Очевидно, что параллельная тревога, возникающая в семьях по поводу дочерей, была гораздо менее определенной в том, что касалось ее предмета, и никогда не формулировалась прямо, и тем не менее недооценить ее значение нельзя. Именно она позволяет объяснить в том числе проявляемую к тогдашнему женскому субъекту непререкаемую отцовскую строгость, носившую характер не столько дисциплинирующей жестокости, как в случае детей мужского пола, сколько в виде проявляемого отцами плохо скрываемого отвращения в случае любого непорядка, связанного с функционированием влечений дочери. Фрейд неоднократно регистрировал это отвращение со отцовской стороны, адресованное подозреваемой гомосексуальности дочери, хотя в обоих известных случаях (Доры и т. н. гомосексуальной пациентки) гомосексуальность может быть поставлена под сомнение не потому, что девушки оказались скрыто гетеросексуальными (на что рассчитывал и сам Фрейд), сколько по причине явного прохождения их состояния через описанную процедуру породнения, предполагавшего не столько однозначно лесбийский выбор, сколько поиск союзничества с другой женщиной поверх и в том числе помимо сексуального вопроса. Если гомосексуальная пациентка, с наслаждением изображавшая средневекового пажа своей пассии, традиционно причастилась практике этого союзничества через литературу, Дора совершила то же самое через живопись.

Точно так же очевидно, что именно отвращения сегодня обречены удостоиться – и при случае удостаиваются – вышеупомянутые литературные fanfictions, вторичные литературные сочинения юных девушек, не только потому, что они опираются на псевдогомосексуальную мужскую тематику, но и в силу самого характера письма, содержащего множество сентиментальных или забавных деталей, кодовых для самой писательницы и ее подруг, но для взрослых мужчин, в том числе гомосексуальных, нередко кажущихся нарочитыми, неправдоподобными или просто дурновкусными.

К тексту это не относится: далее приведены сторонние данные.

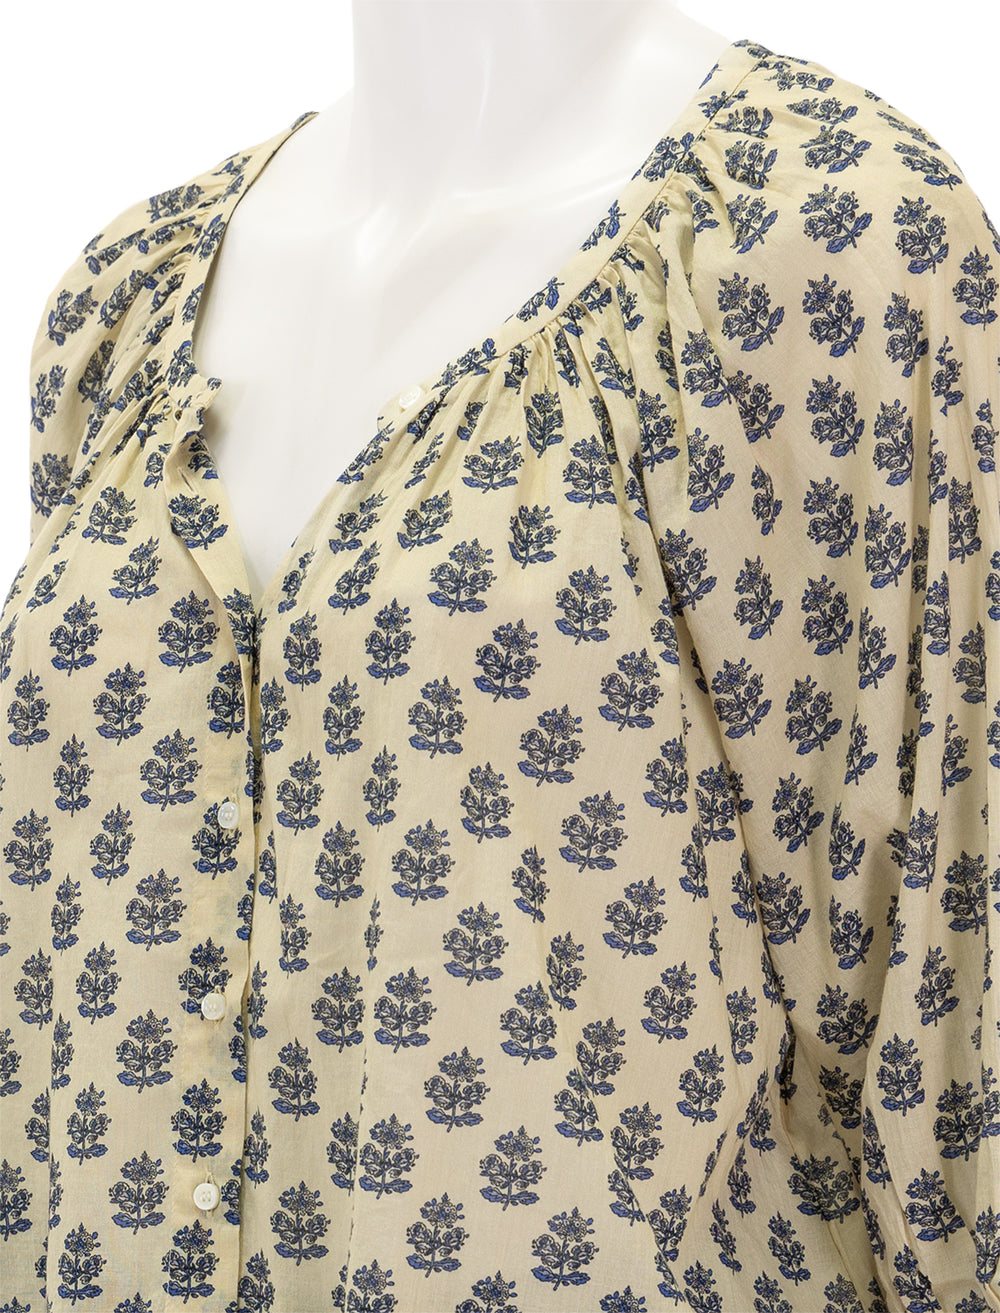 Close-up view of DOEN's jiana top meadowseet floral on voile.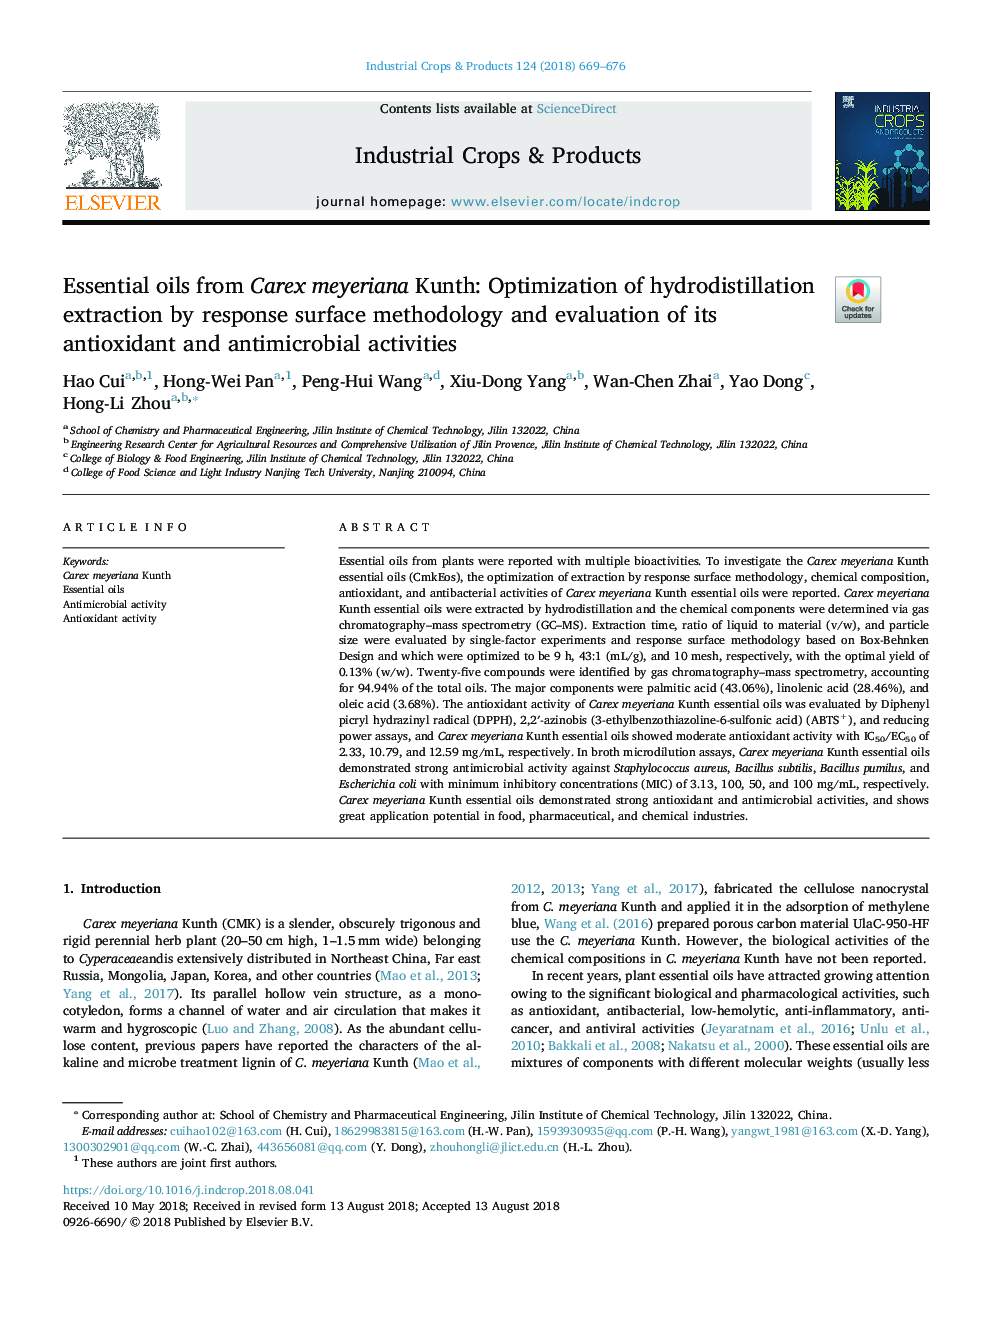 Essential oils from Carex meyeriana Kunth: Optimization of hydrodistillation extraction by response surface methodology and evaluation of its antioxidant and antimicrobial activities

В любом случае, независимо от объяснения, испытываемое отвращение, по всей видимости, является гневной и бессильной отцовской реакций на тот факт, что женщина – и в особенности молодая девушка – в своем фантазме оказывается породнена с какими-то иными, не представленными в традиционных отношениях родства позициями. Именно это позволяет женскому субъекту совершать операции, остающиеся невозможными для носителя мужской сексуации, чья идентичность во многом зиждется на том, что уже имеющиеся позиции и типы родства он воспринимает, а после и воспроизводит в своей семье буквально, то есть женится, ждет (или нет) от жены ребенка, мирится (или нет) с существованием ее родителей и т. п. Для женского субъекта, напротив, вопрос родства является гораздо более запутанным, и достаточно малейшего толчка, колебания, чтобы эта запутанность взорвалась целым рядом последствий.

Именно на это в определенный момент обращает внимание Джудит Батлер, посвятившая женским политикам родства отдельный текст, в котором она не находит для их разъяснения никакого другого выхода, как только обратиться к исторически наиболее известному и концентрированному случаю перепроизводства и запутанности родственных позиций – к казусу дочери Эдипа, Антигоны[8].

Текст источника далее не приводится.